Karnuta Jaret M, Luu Bryan C, Haeberle Heather S, Saluan Paul M, Frangiamore Salvatore J, Stearns Kim L, Farrow Lutul D, Nwachukwu Benedict U, Verma Nikhil N, Makhni Eric C, Schickendantz Mark S, Ramkumar Prem N
Orthopaedic Machine Learning Laboratory, Cleveland Clinic, Cleveland, Ohio, USA.
Department of Orthopedic Surgery, Baylor College of Medicine, Houston, Texas, USA.
Orthop J Sports Med. 2020 Nov 11;8(11):2325967120963046. doi: 10.1177/2325967120963046. eCollection 2020 Nov.
Machine learning (ML) allows for the development of a predictive algorithm capable of imbibing historical data on a Major League Baseball (MLB) player to accurately project the player's future availability.
To determine the validity of an ML model in predicting the next-season injury risk and anatomic injury location for both position players and pitchers in the MLB.
Descriptive epidemiology study.
Using 4 online baseball databases, we compiled MLB player data, including age, performance metrics, and injury history. A total of 84 ML algorithms were developed. The output of each algorithm reported whether the player would sustain an injury the following season as well as the injury's anatomic site. The area under the receiver operating characteristic curve (AUC) primarily determined validation.

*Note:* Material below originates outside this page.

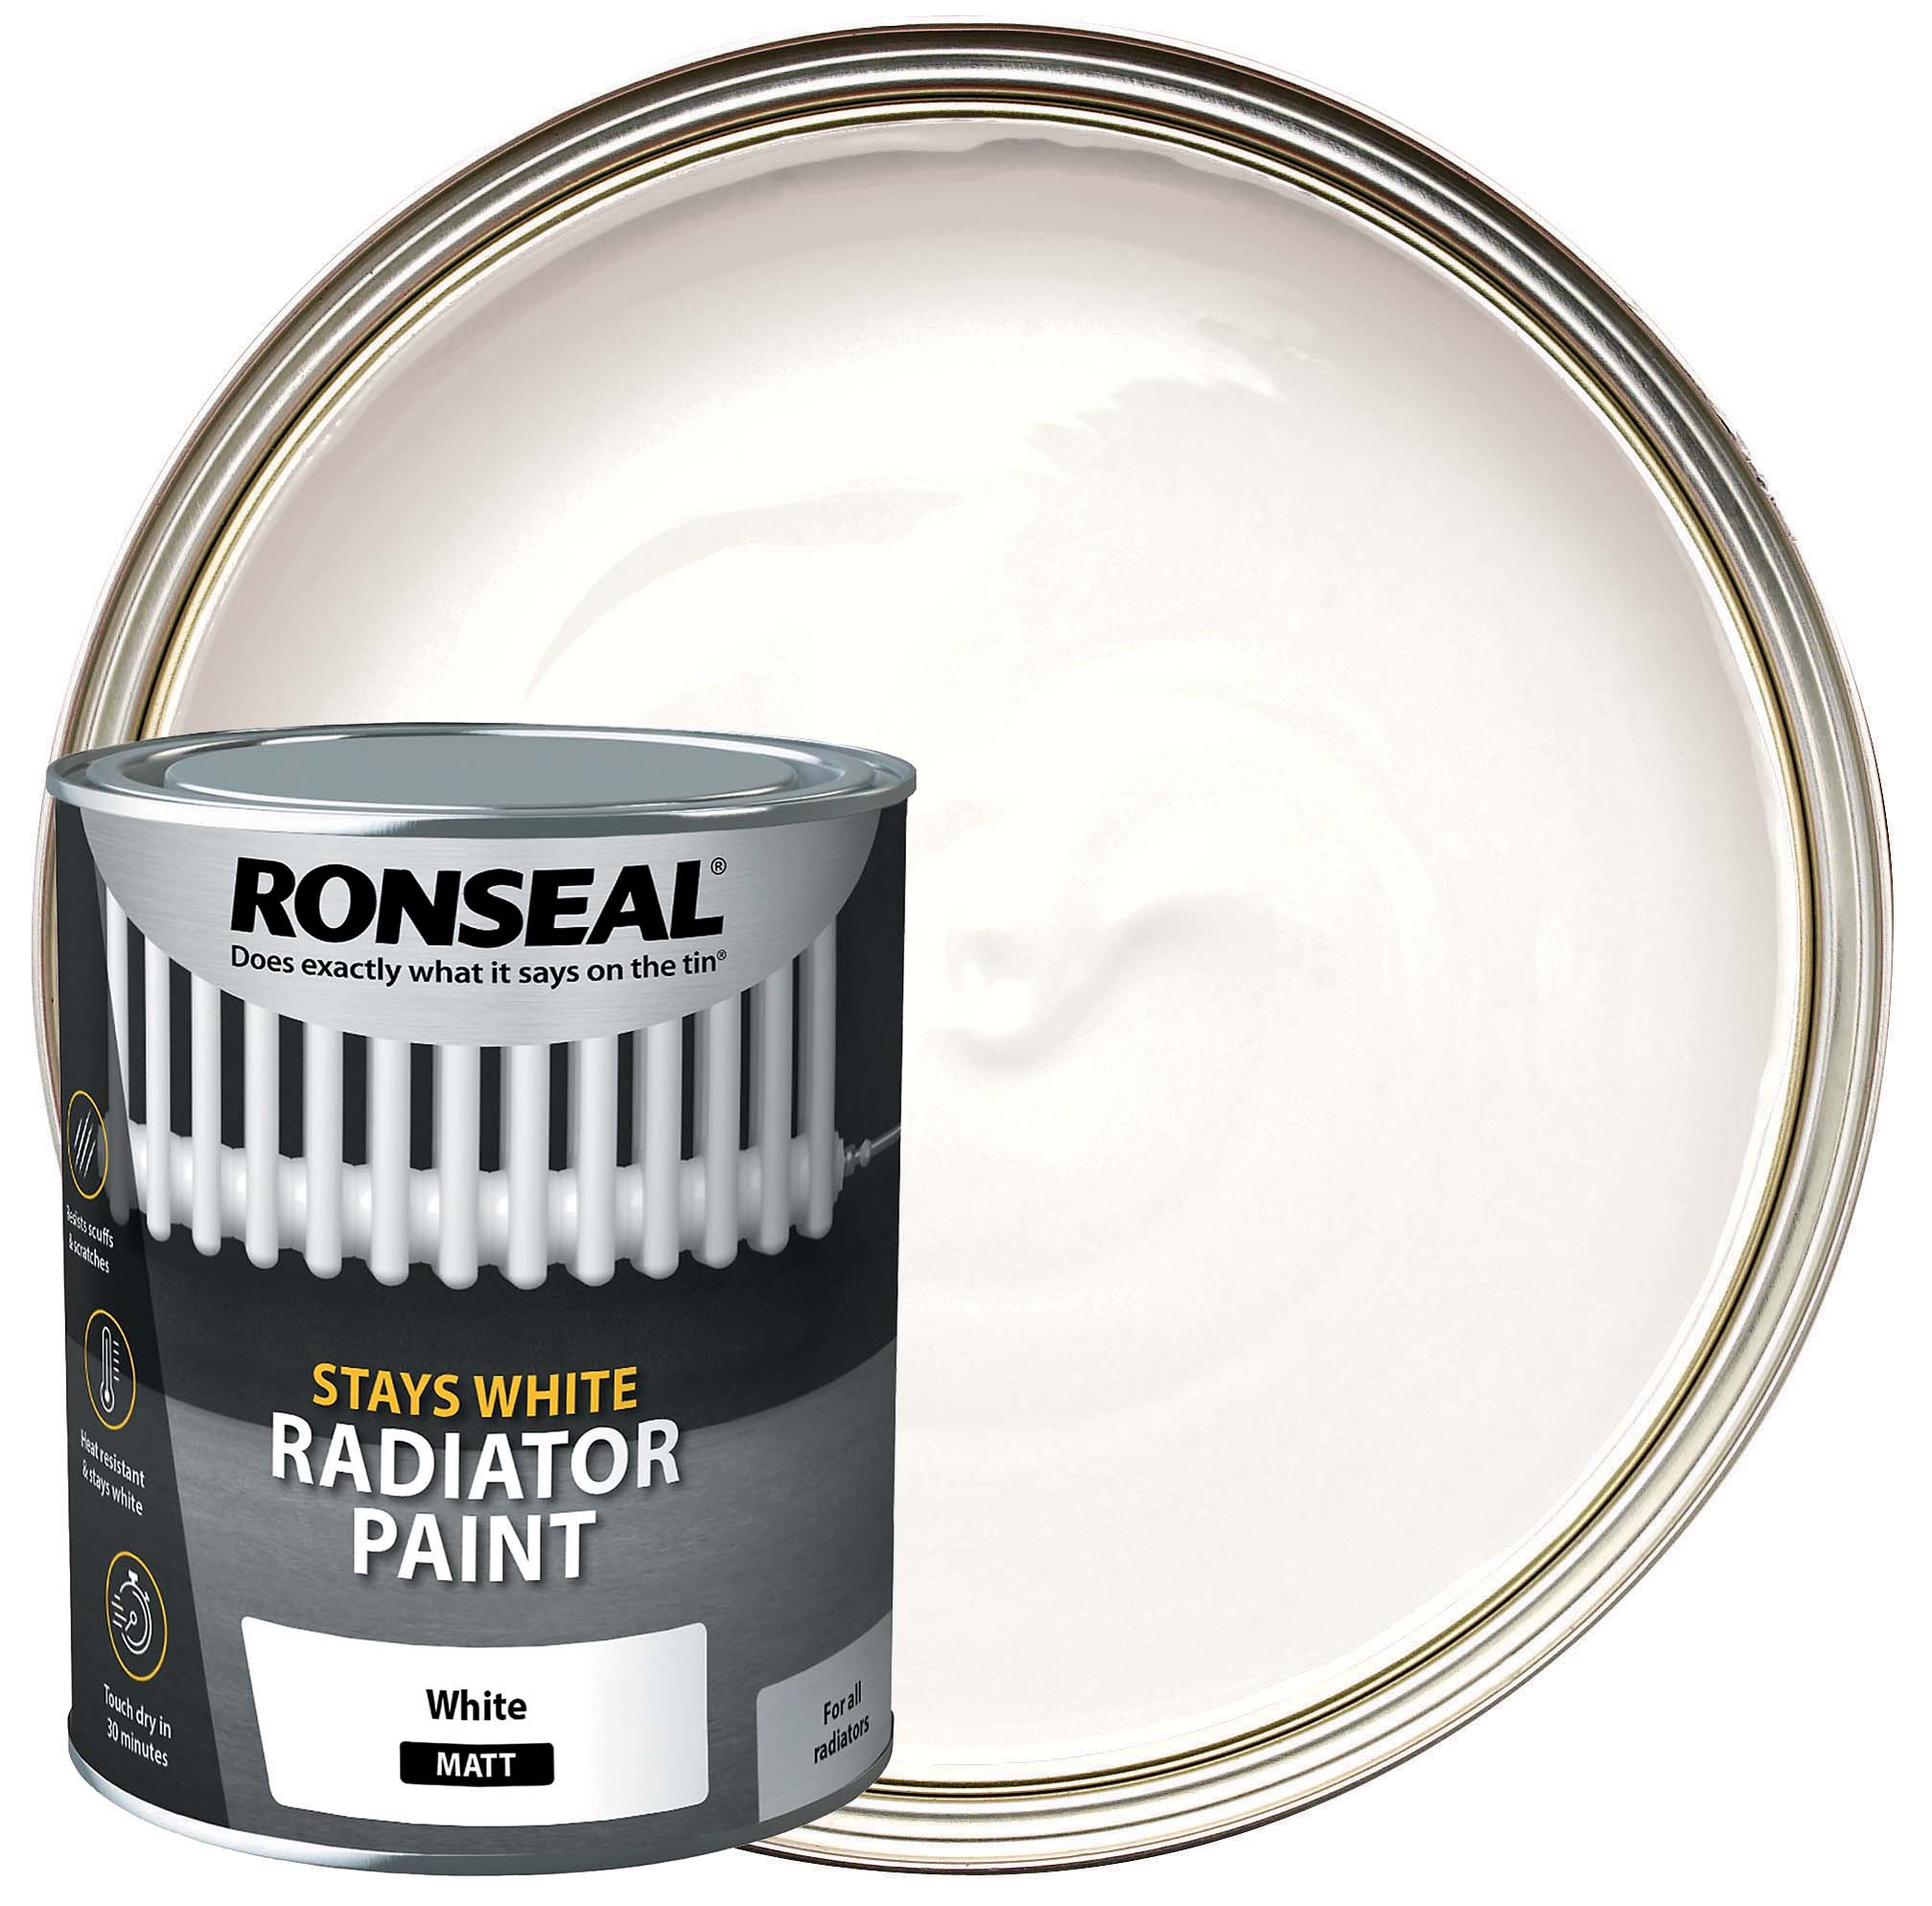 Image of Ronseal Stays White Radiator Paint White Matt 750ml

Player data were generated from 1931 position players and 1245 pitchers, with a mean follow-up of 4.40 years (13,982 player-years) between the years of 2000 and 2017. Injured players spent a total of 108,656 days on the disabled list, with a mean of 34.21 total days per player. The mean AUC for predicting next-season injuries was 0.76 among position players and 0.65 among pitchers using the top 3 ensemble classification. Back injuries had the highest AUC among both position players and pitchers, at 0.73. Advanced ML models outperformed logistic regression in 13 of 14 cases.

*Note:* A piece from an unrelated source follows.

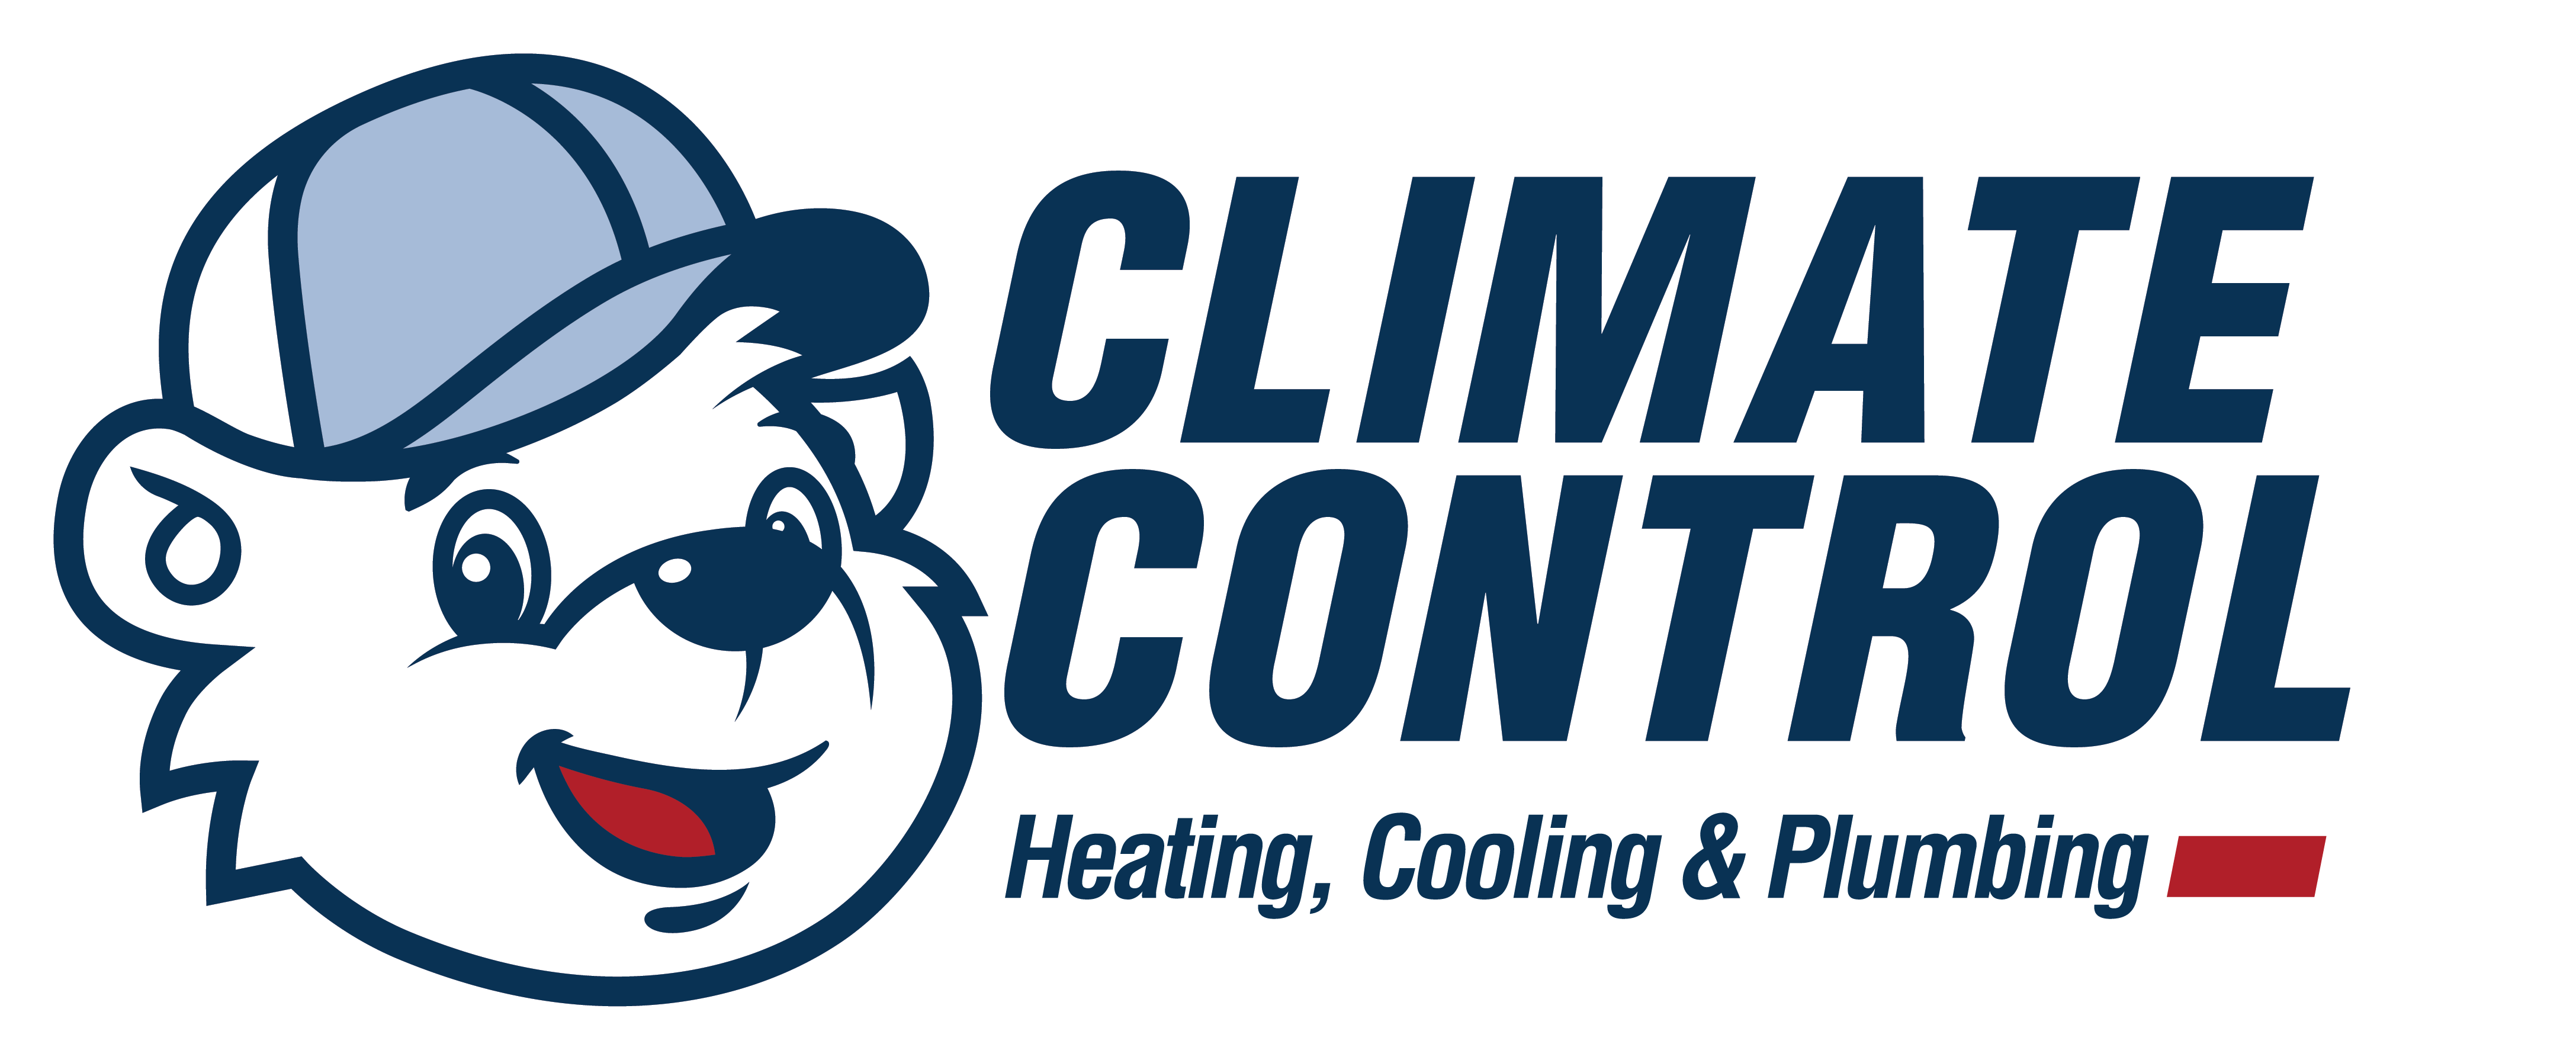 Climate Control logo - color

Advanced ML models generally outperformed logistic regression and demonstrated fair capability in predicting publicly reportable next-season injuries, including the anatomic region for position players, although not for pitchers.
机器学习(ML)有助于开发一种预测算法,该算法能够吸收美国职业棒球大联盟(MLB)球员的历史数据,以准确预测球员未来的上场情况。
确定ML模型在预测MLB中内野手和投手下赛季受伤风险及解剖学损伤部位方面的有效性。
描述性流行病学研究。
我们使用4个在线棒球数据库,汇编了MLB球员数据,包括年龄、表现指标和受伤史。共开发了84种ML算法。每种算法的输出报告了球员在下个赛季是否会受伤以及受伤的解剖部位。主要通过受试者操作特征曲线(AUC)下的面积来确定有效性。
球员数据来自1931名内野手和1245名投手,在2000年至2017年期间平均随访4.40年(13982球员年)。受伤球员在伤病名单上总共花费了108656天,平均每名球员总共34.21天。使用前3种集成分类方法,预测下赛季受伤情况的平均AUC在内野手中为0.76,在投手中为0.65。背部受伤在这两类球员中AUC最高,为0.73。在14个案例中的13个案例中,先进的ML模型优于逻辑回归。
先进的ML模型总体上优于逻辑回归,并且在预测公开报告的下赛季受伤情况方面表现出一定能力,包括内野手的解剖区域,但投手情况除外。